Le texte affirme qu’Israël a une nouvelle fois "manifestement violé le droit international", ajoutant une infraction supplémentaire aux actes en cours qualifiés de génocide et de crimes de guerre.

Rappelant que la Global Sumud Flotilla, une initiative civile et pacifique, a été attaquée dans les eaux internationales, la motion indique que les forces israéliennes ont entravé l’aide humanitaire et arrêté 175 militants pro-palestiniens, dont 20 citoyens turcs.

"Cet acte de piraterie constitue clairement un crime de guerre. Nous mettons en garde Israël, qui a dépassé toutes les limites de tolérance de l’humanité, et appelons à la libération immédiate des militants et de nos citoyens détenus de force", précise le texte.

La motion ajoute que la Grande Assemblée nationale de Türkiye, avec l’ensemble des partis politiques et des députés, exprime sa solidarité avec les citoyens détenus illégalement ainsi qu’avec tous les membres de cette initiative humanitaire visant à acheminer de l’aide à la population de Gaza.

Elle souligne également que la Türkiye poursuivra ses efforts pour établir les responsabilités devant les juridictions internationales pour tous les crimes commis par les forces israéliennes contre les membres de la flottille, en particulier les ressortissants turcs.
Le texte réitère enfin un appel à tous les parlements, assemblées parlementaires internationales et organisations afin d’adopter une position unifiée, de mettre fin à l’occupation, au génocide et à l’apartheid contre le peuple palestinien, de garantir un accès humanitaire ininterrompu à Gaza et de demander des comptes à Israël pour les crimes contre l’humanité.

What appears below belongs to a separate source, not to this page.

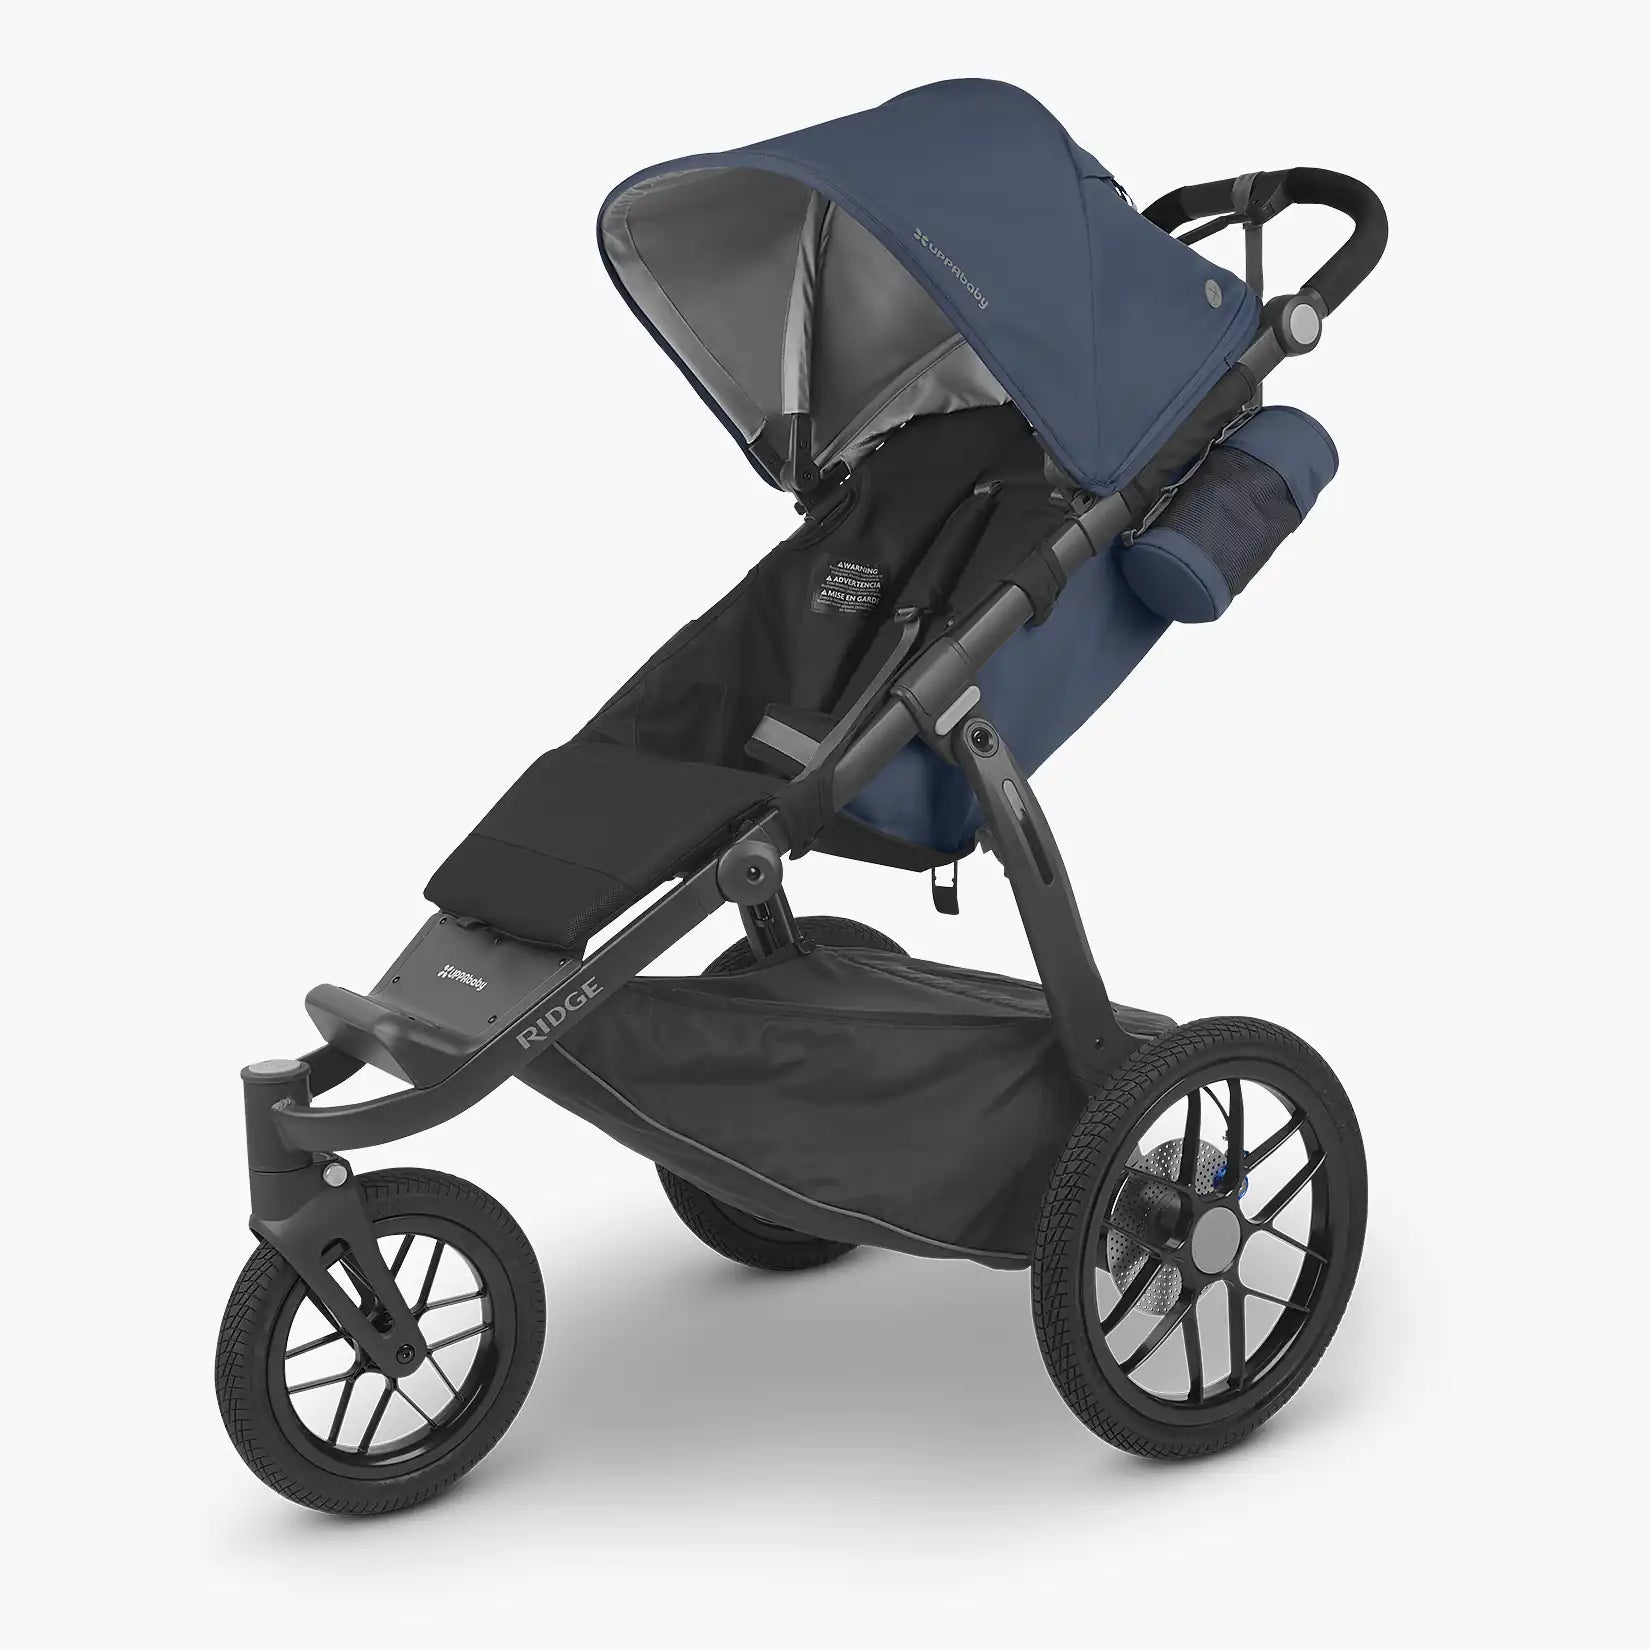 UPPAbaby Ridge Stroller - ANB Baby -810030098577$500 - $1000

Après la lecture de la motion, les vice-présidents des groupes parlementaires ont exprimé leur soutien, avant son adoption à l’unanimité.

Évolutions récentes concernant la flottille pour Gaza

La marine israélienne a intercepté mercredi soir des navires de la flottille alors qu’ils se dirigeaient vers Gaza pour tenter de briser le blocus de longue date imposé à l’enclave.

Selon les organisateurs, les forces israéliennes ont encerclé le convoi dans les eaux internationales près de l’île grecque de Crète, brouillé les communications et saisi 21 navires, tandis que 17 autres ont réussi à rejoindre les eaux grecques.

La flottille, qui transporte de l’aide humanitaire, vise à ouvrir un corridor maritime vers Gaza.

Cette intervention est intervenue quelques heures après des informations de médias israéliens selon lesquelles Israël se préparait à intercepter la flottille, composée d’environ 100 bateaux transportant près de 1 000 militants de plusieurs pays.
Israël impose un blocus à la bande de Gaza depuis 2007, laissant environ 1,5 million de Palestiniens sans abri sur une population d’environ 2,4 millions, après la destruction de leurs habitations lors de la guerre.